Data about customers and their accounts, available phone numbers and other administrative information is stored in a mainframe-based legacy system. Information about company products, services, calling rates, etc, is stored on the intranet. The new knowledge repository contains troubleshooting tips as well as shortcuts to content in the other databases. Memos and product, service and administrative updates, normally distributed on paper, are captured in Angelo and made available through LinkLite. It’s a combination of process and technology to capture and share community knowledge as well as structured information.
To design the system a research team from PARC, including ergonomists, ethnographers and cognitive psychologists, interviewed call centre operators and observed their work practices. They learnt where operators looked for answers to particular questions, how long it took them to find an answer, when they used electronic or paper sources, and when they called in a supervisor. The work practice observations and interviews served as a basis for the development of new work processes, technologies and incentives for their use. To contribute a new tip, they need only click the button labelled ‘proposing a new tip’. This is sent to a supervisor for validation and is added to the LinkLite database. During the project pilot phase operators contributed over 250 tips alone.
As we have found, the Angelo project discovered that there were two primary incentives for operators’ use of and contribution to the project: the peer recognition that came with attachment of contributors’ names to their validated tips; and the improved problem-solving ability that came with faster access to higher quality, up-to-date information.
Operators like the flexible, single-point access to multiple information sources, the quality and timeliness of the knowledge in LinkLite, the near immediate response to their inquiries (it was more than three times faster than TI’s intranet and legacy systems), and the ease with which they could co-build the tip knowledge base.
In a nutshell
In these four case studies, I have attempted to make the argument that successful content management is as much about getting valuable content in the content base as it is about building the content infrastructure.

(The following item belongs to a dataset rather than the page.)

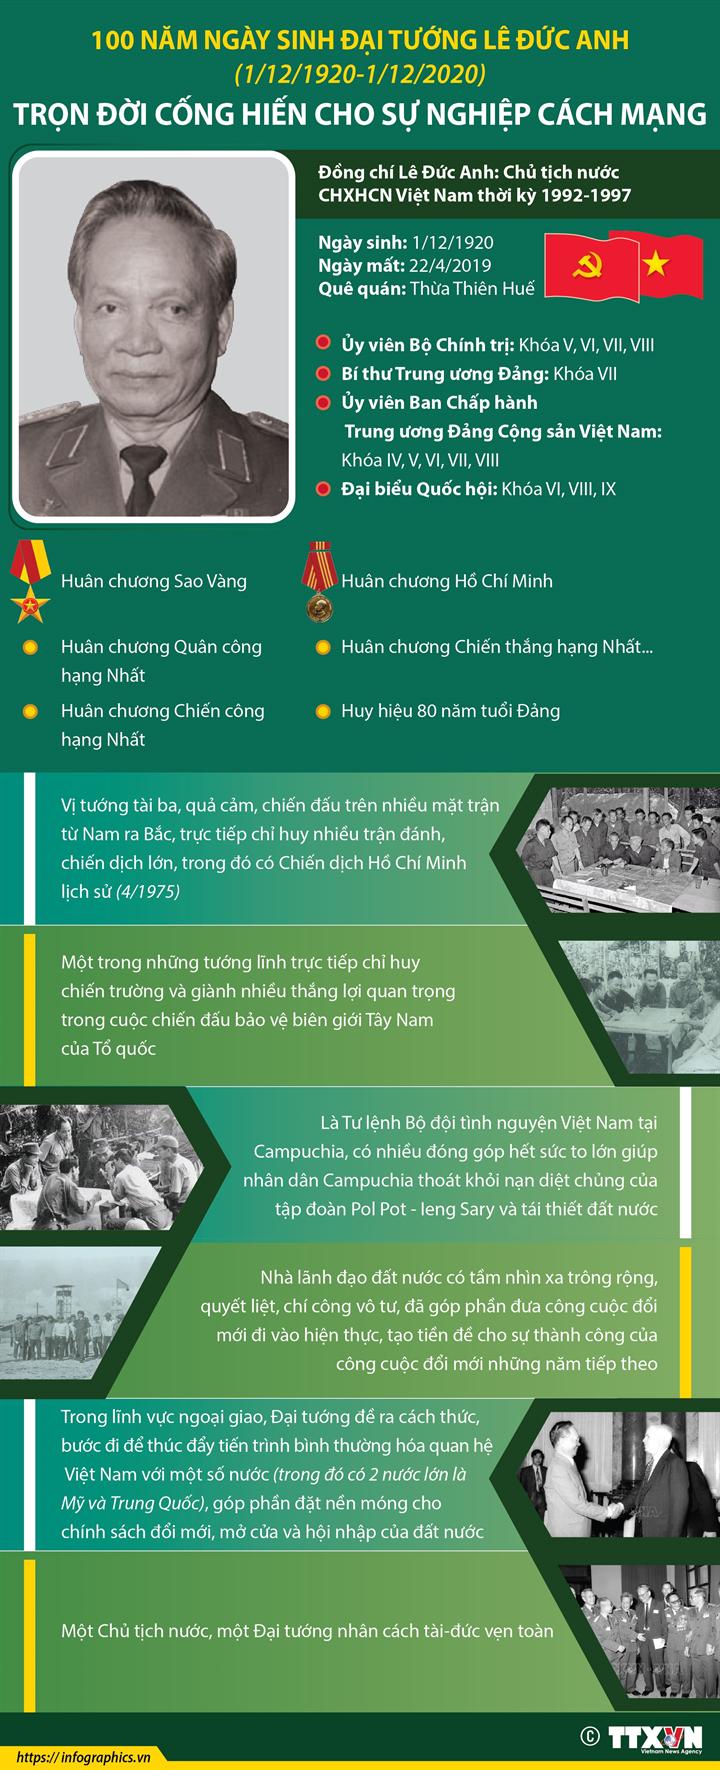 100 năm ngày sinh Đại tướng Lê Đức Anh (1/12/1920-1/12/2020): Trọn đời cống hiến cho sự nghiệp cách mạng

It is about balancing the social/technical dimension to ensure tight work process integration with the community it serves. It is also about the dynamic formation of community action so that the community members themselves take on an active role in voluntarily building the content.
I believe that by co-building the content base, familiar community language is ensured, relevant content is provided, and high quality knowledge is created through validation procedures and authoring processes that can be trusted. Relevant, timely, trusted content enables successful knowledge sharing. By building content management systems from the community out, with the active participation of the community we have the best chance of getting people to bring the best of themselves to their jobs and to willingly share their most valuable asset – their knowledge.